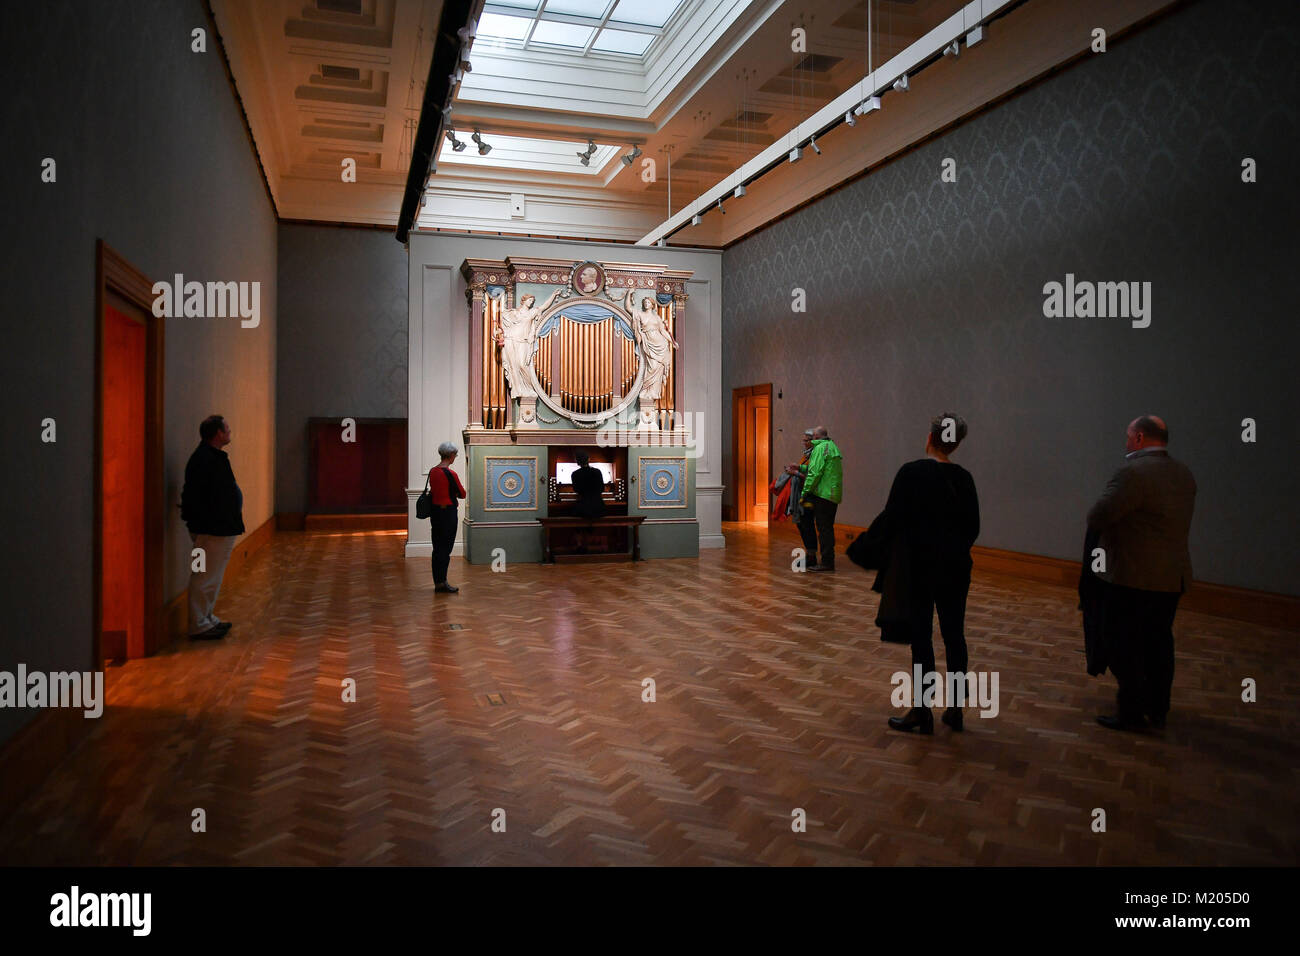 An organist performs &Ograve;Il Cielo In Una Stanza&Oacute; (The Sky in a Room) on the 1774 Sir Watkins Williams Wynn organ in the National Museum Wales&Otilde; 18th century British art gallery as part of an exhibition by artist Ragnar Kjartansson, titled 'The Sky in a Room', which sees a series of revolving organists constantly play across a five-week period, for five hours a day running from 3 February to 11 March. Stock Photo
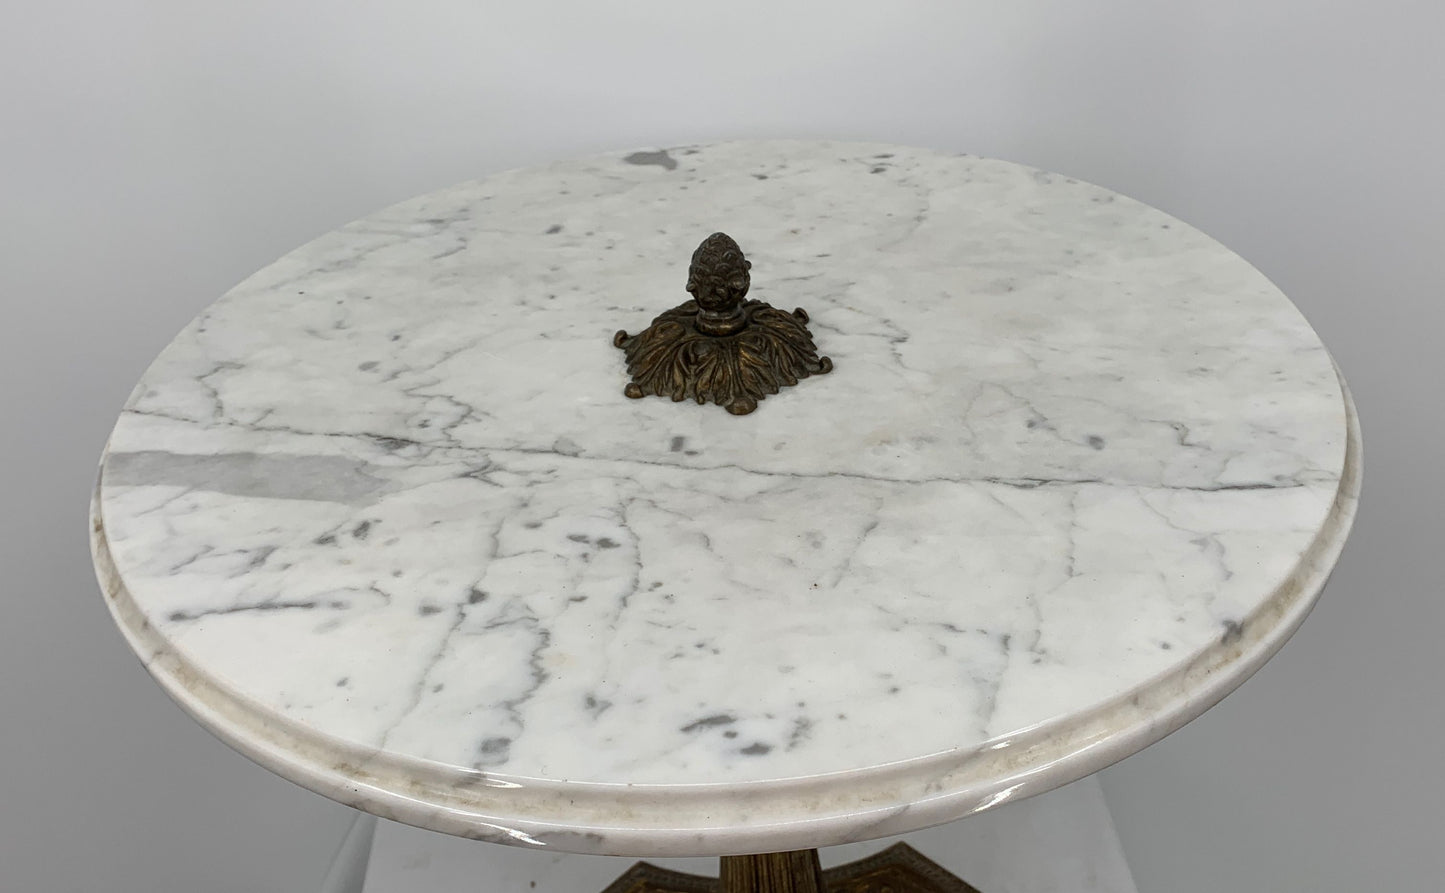 Vintage Italian Marble Top Bronze Stand Side Table 18" Tall
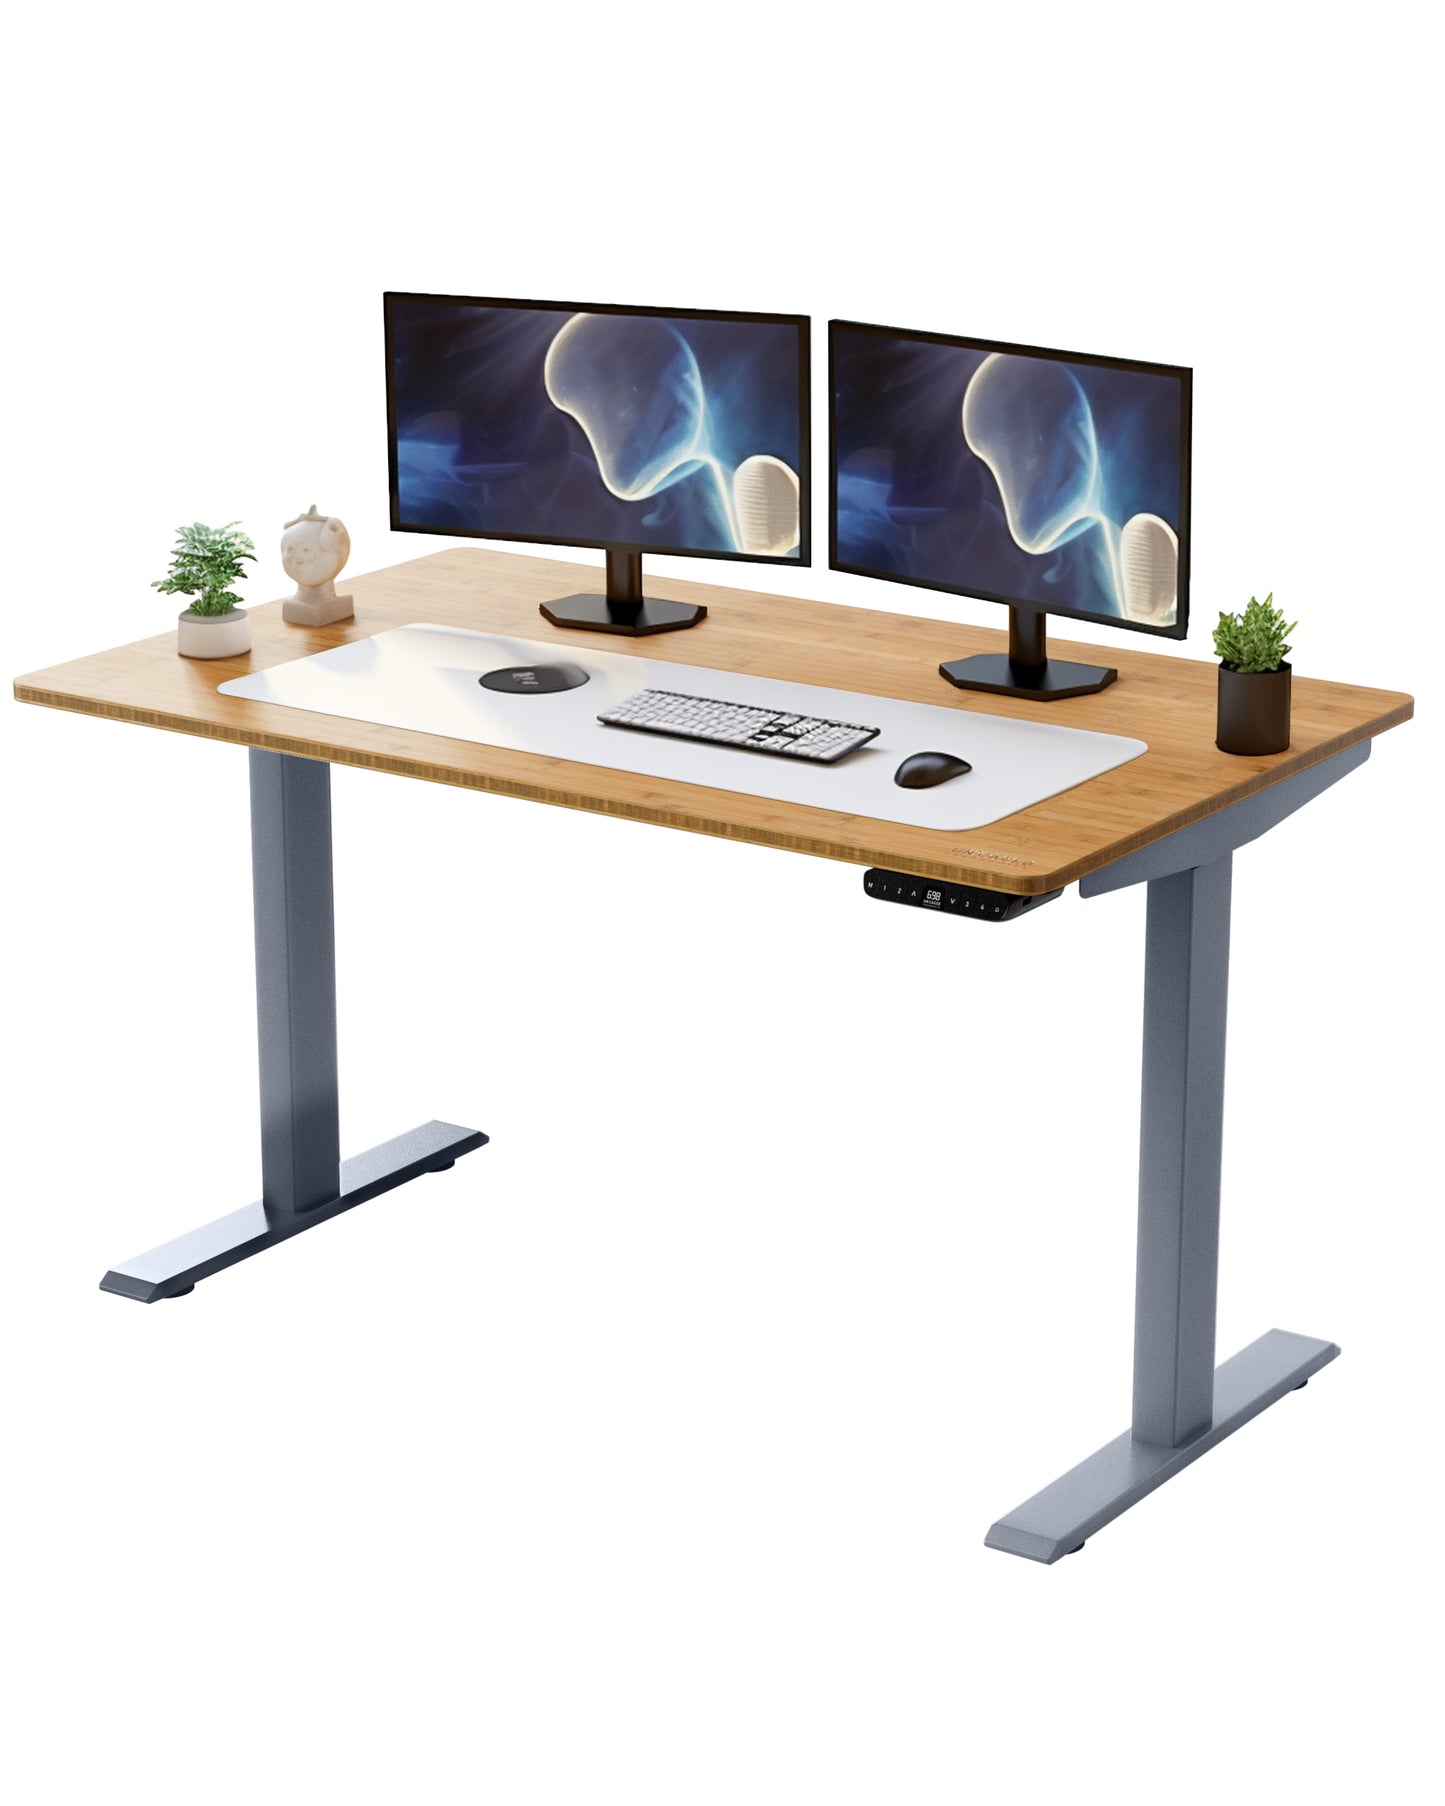 Premium Dual Motor Electric Office Adjustable Desk - Gray and Natural Bamboo
◆ ◆ ◆ ◆ ◆ ◆ ◆
(EXERCISE DESCRIPTION) With the images excluded, reproduce the data above precisely as written.

(YOUR RESPONSE)
 An organist performs &Ograve;Il Cielo In Una Stanza&Oacute; (The Sky in a Room) on the 1774 Sir Watkins Williams Wynn organ in the National Museum Wales&Otilde; 18th century British art gallery as part of an exhibition by artist Ragnar Kjartansson, titled 'The Sky in a Room', which sees a series of revolving organists constantly play across a five-week period, for five hours a day running from 3 February to 11 March. Stock Photo
 Vintage Italian Marble Top Bronze Stand Side Table 18" Tall
 Premium Dual Motor Electric Office Adjustable Desk - Gray and Natural Bamboo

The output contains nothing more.